General information
- Type: Fighter aircraft
- National origin: United Kingdom
- Manufacturer: Vickers
- Designer: G.H. Challenger and A.R. Low
- Number built: 1

History
- Introduction date: 1912

= Vickers E.F.B.1 =

The Vickers E.F.B.1 'Destroyer' was an early British military aircraft prototype. Although not itself a success, the design was considered worth developing, and a series of similar aircraft were produced in prototype form, eventually leading to the Vickers F.B.5 "Gunbus", which saw widespread service during World War I.

==Design==

The Experimental Fighting Biplane No. 1 (E.F.B.1) was designed in response to a British Admiralty requirement for an aircraft intended for an offensive role. As such, it was notable for being the first British aircraft to be specifically designed for a military role. A contract for an experimental prototype was given to Vickers on 19 November 1912.

The resulting aircraft was an unequal-span staggered wing, two-bay pusher biplane with the tailplane mounted on booms behind the wings and the crew of two housed in a nacelle above the lower wing, with the engine behind them. The pusher layout was chosen to meet the requirement for a forward-firing gun, since gun synchronisation mechanisms had not been developed at the time. Extensive use of metal was made in its structure, the tail booms and wing spars being made of steel and the nacelle of steel tube with a covering of sheet duralumin.

Lateral control was effected by wing warping, and in order to prevent fatiguing of the structure caused by warping loads the rear wing spar was built in three sections, the outer sections being hinged to the centre section, and the wing ribs were loosely threaded onto the spars.

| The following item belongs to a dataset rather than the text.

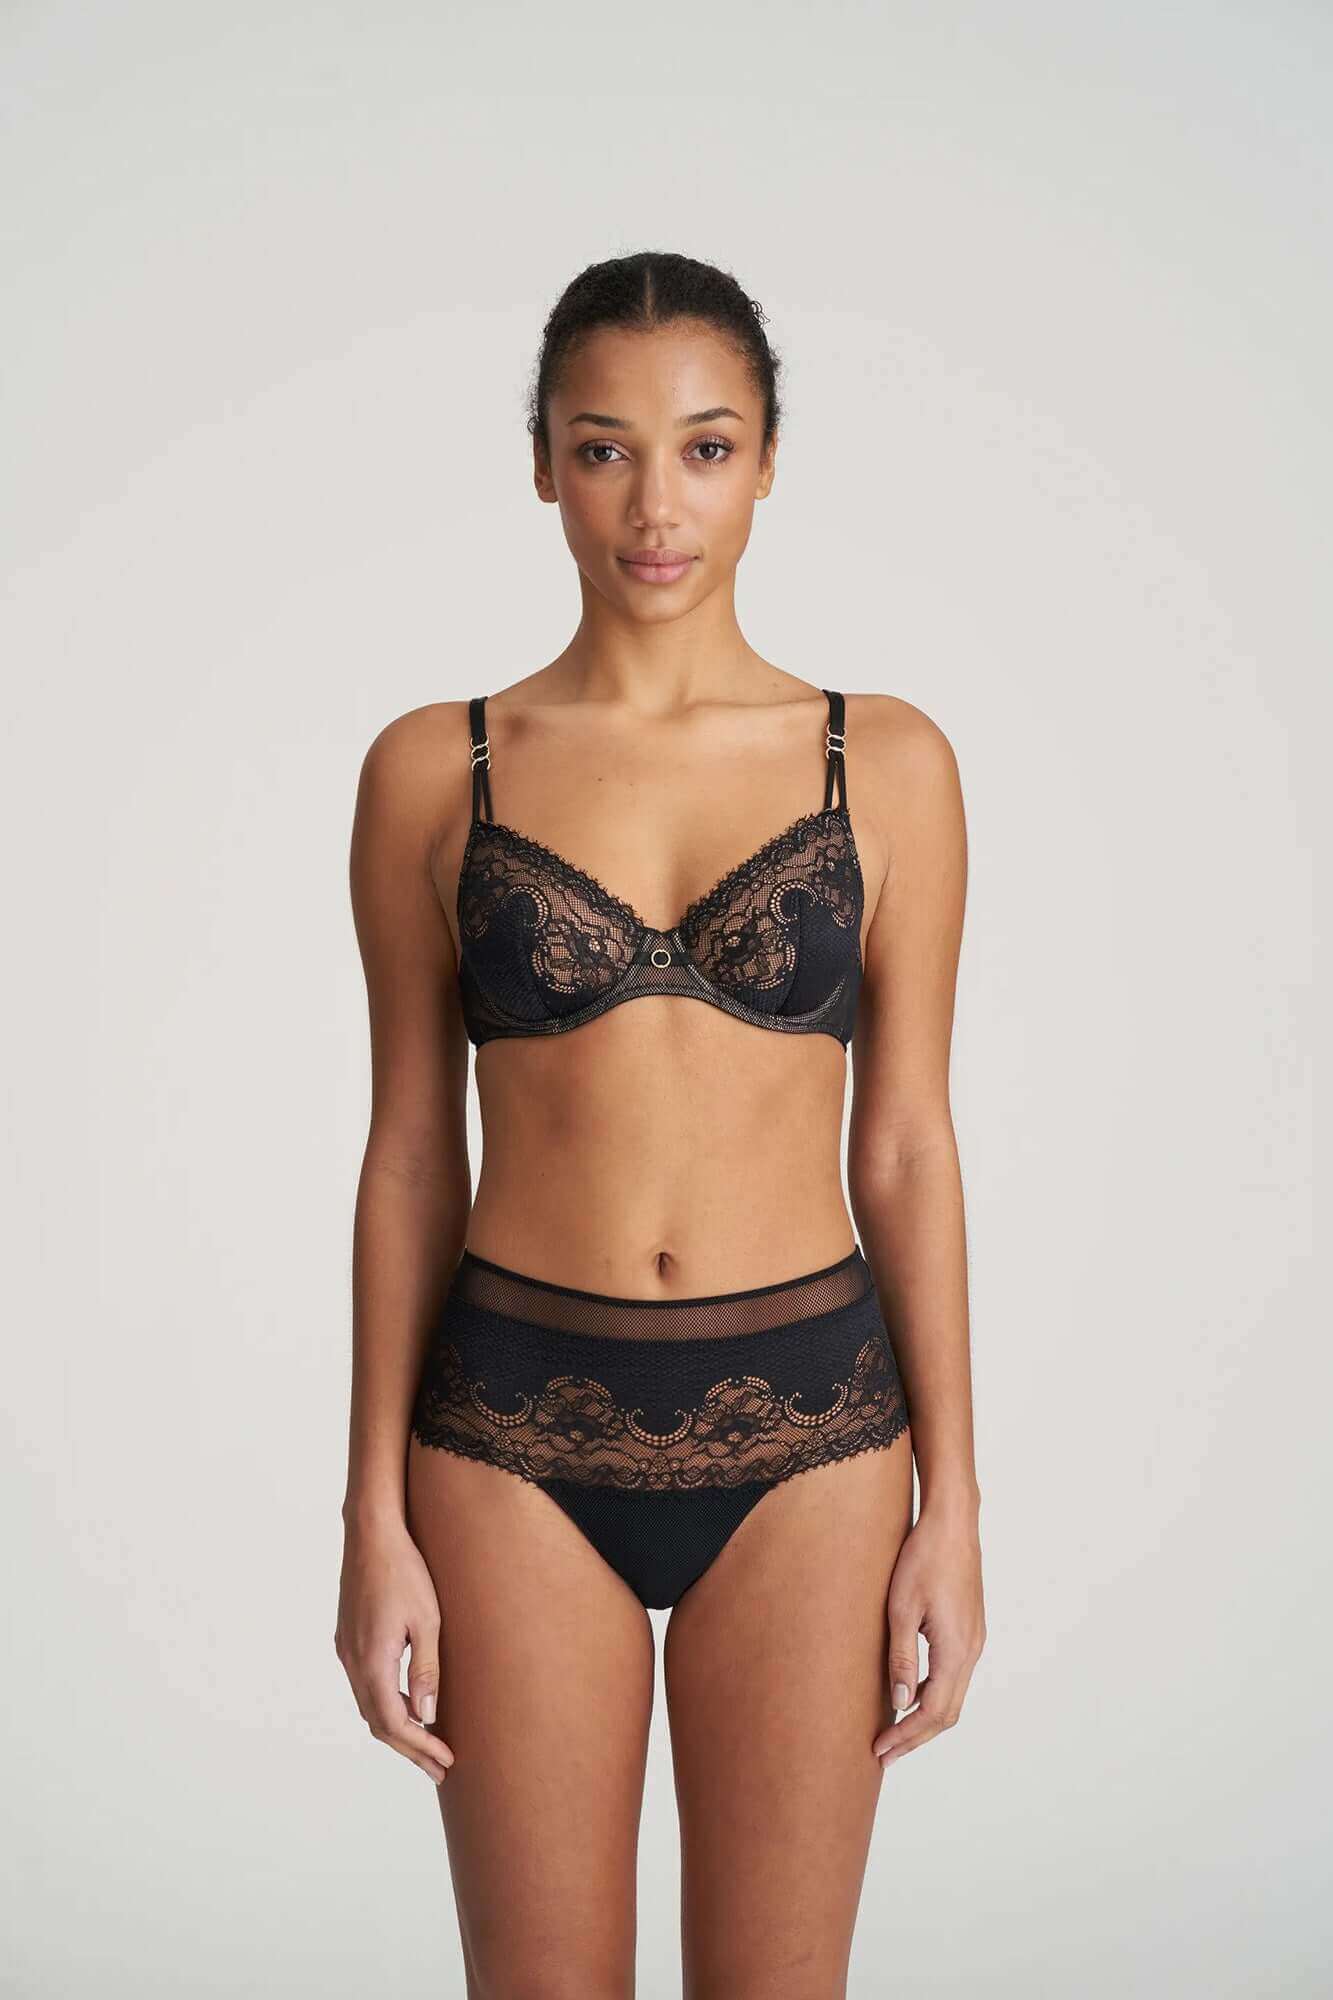 Discover the Perfect Fit with Marie Jo lingerie from Petticoat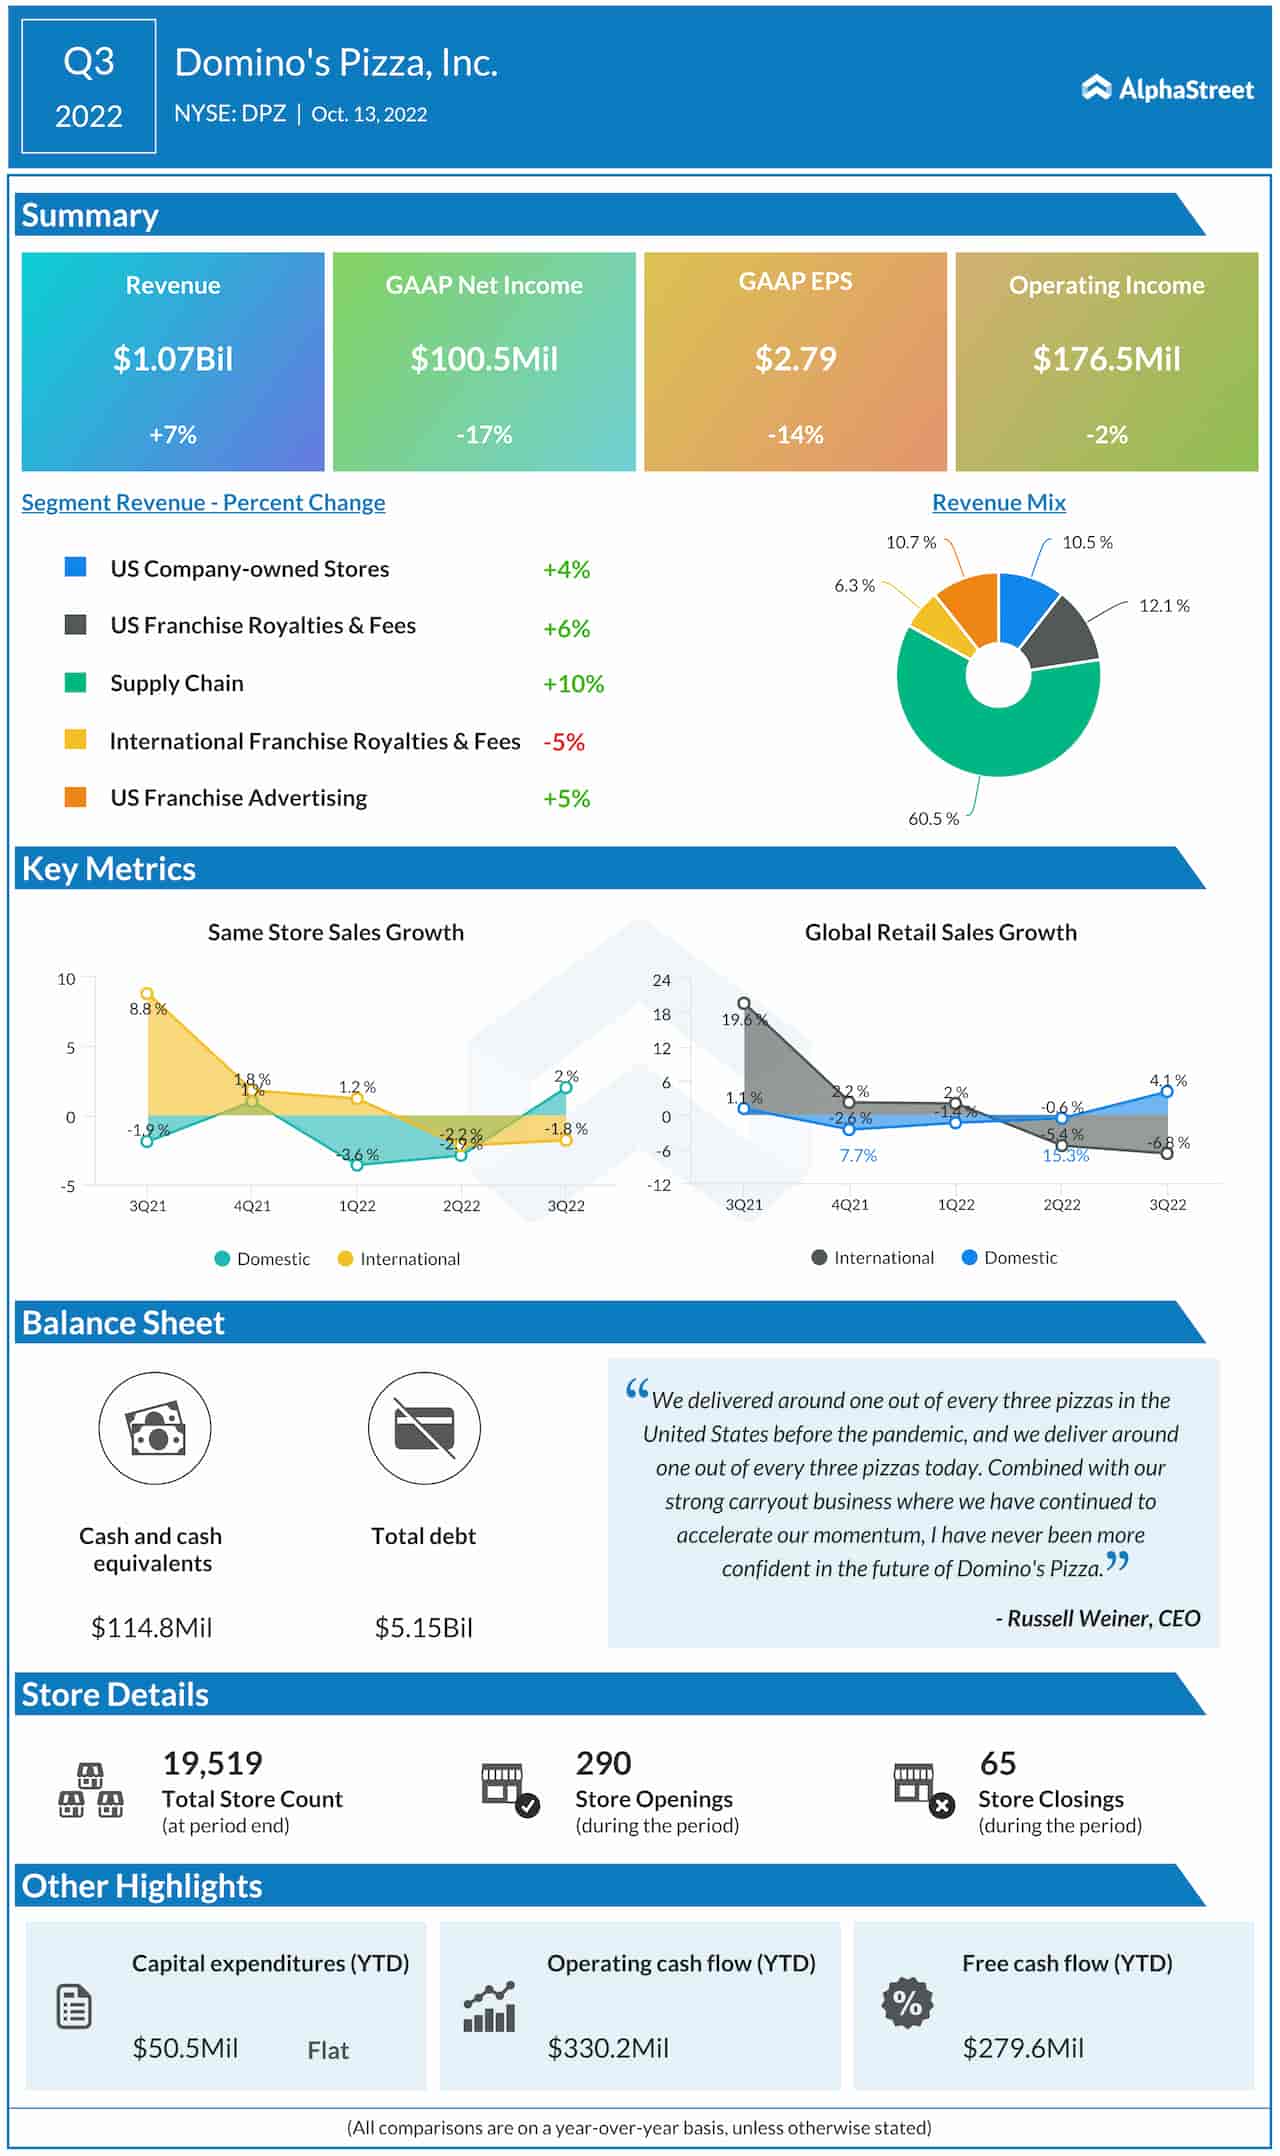 Infographic: Highlights of Domino’s Pizza (DPZ) Q3 2022 earnings

The armament consisted of a single belt-fed 0.303 Vickers-Maxim machine gun mounted at the front of the nacelle on a flexible mounting.

It was exhibited at the Aero show at Olympia in February 1913, but crashed soon afterwards, possibly on its first flight. Nevertheless, the design was considered promising enough for work to be started on another aircraft of similar design, the Vickers E.F.B.2, and this line of development would eventually lead to the Vickers F.B.5 Gunbus.